Хозяин всех долларов мира знал русский язык. Ну, а кто бы на его месте не подумал, что это на тебя с рвущим барабанные перепонки ревом несется в штыковой атаке это... Хоть и знал денежный мешок русский язык, но он не мог сказать, что же на него несется. Английский язык тоже оказался бессилен, чтобы хоть каким-то термином обозначить ворошиловского стрелка.
– Ну что с тобой делать, зараза? – Юлия Петровна рывком сорвала скатерть с шипов ошейника.
И только тут старик осознал, что он не умер и убивать его не будут.
– От имени вот этой сволочи, – Юлия Петровна кивнула на Месть, – я приношу вам свои извинения.

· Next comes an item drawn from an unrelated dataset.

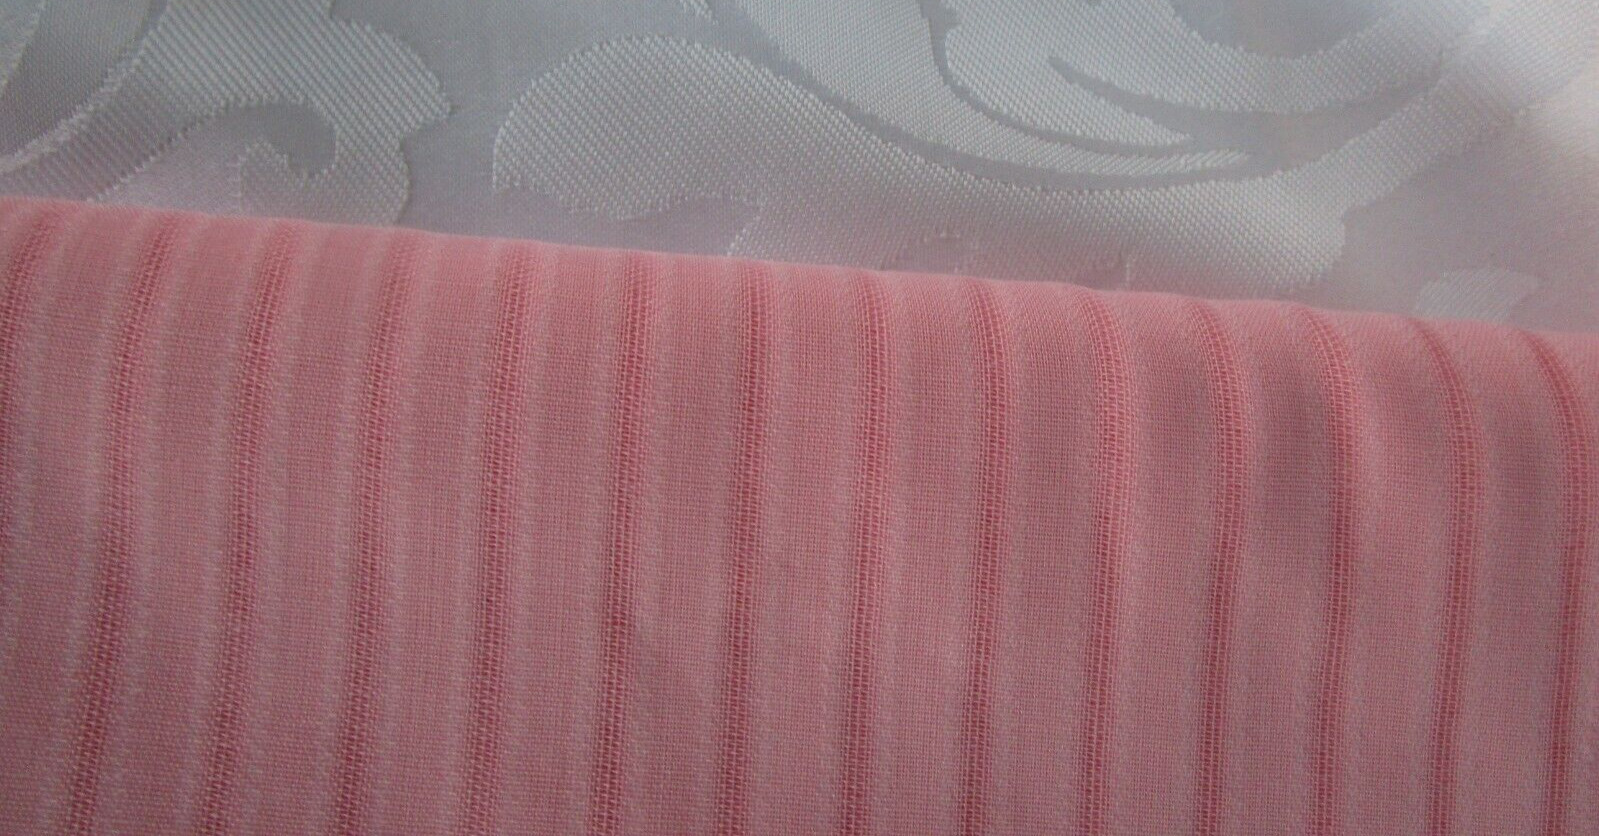 Vintage Open Weave Dimity Fabric, 5 YDS,  RICH PEACHY PINK, GORGEOUS
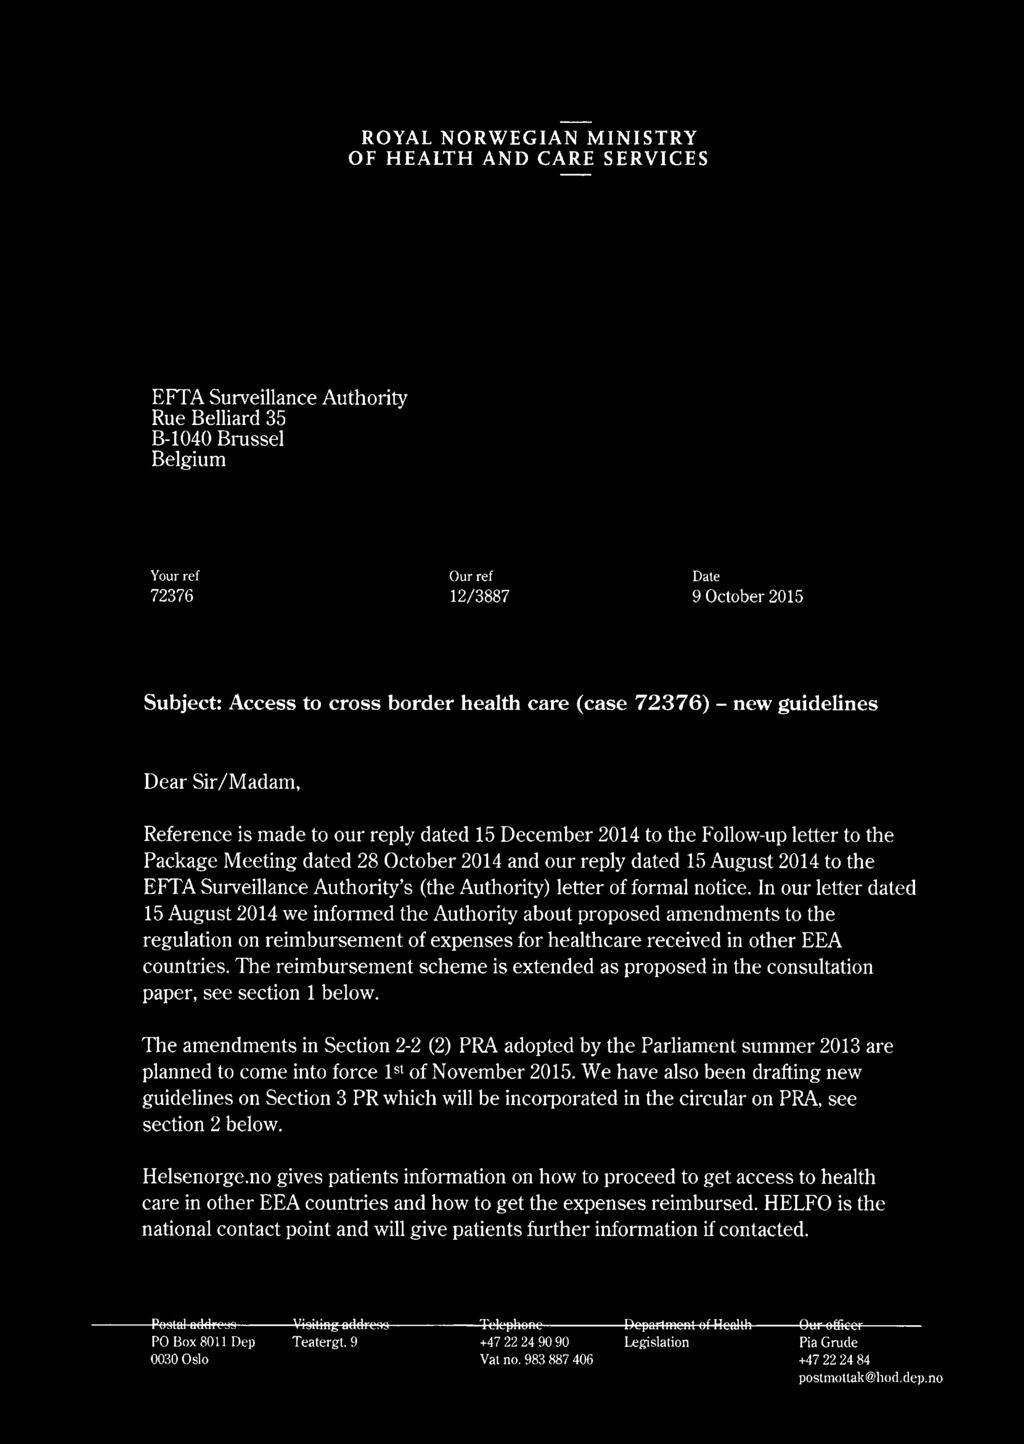 our reply dated 15 August 2014 to the EFTA Surveillance Authority s (the Authority) letter of formal notice.

Трехгранный русский штык, покачиваясь, слегка касался хозяина всех долларов мира. Потерпевший глядел на него очень значительно и очень задумчиво. Уж очень неприятная символика виделась в этом покачивании острия его мощному аналитическому уму, который начал приходить в себя от потрясения: закончишь высокое совещание за высокими дверями, а вместо банкета с икрой ворвется вот ЭТО... – хозяин всех долларов зыркнул на Юлию Петровну, которая никак не могла отдышаться – и никакие доллары всего мира не спасут от русского штыка.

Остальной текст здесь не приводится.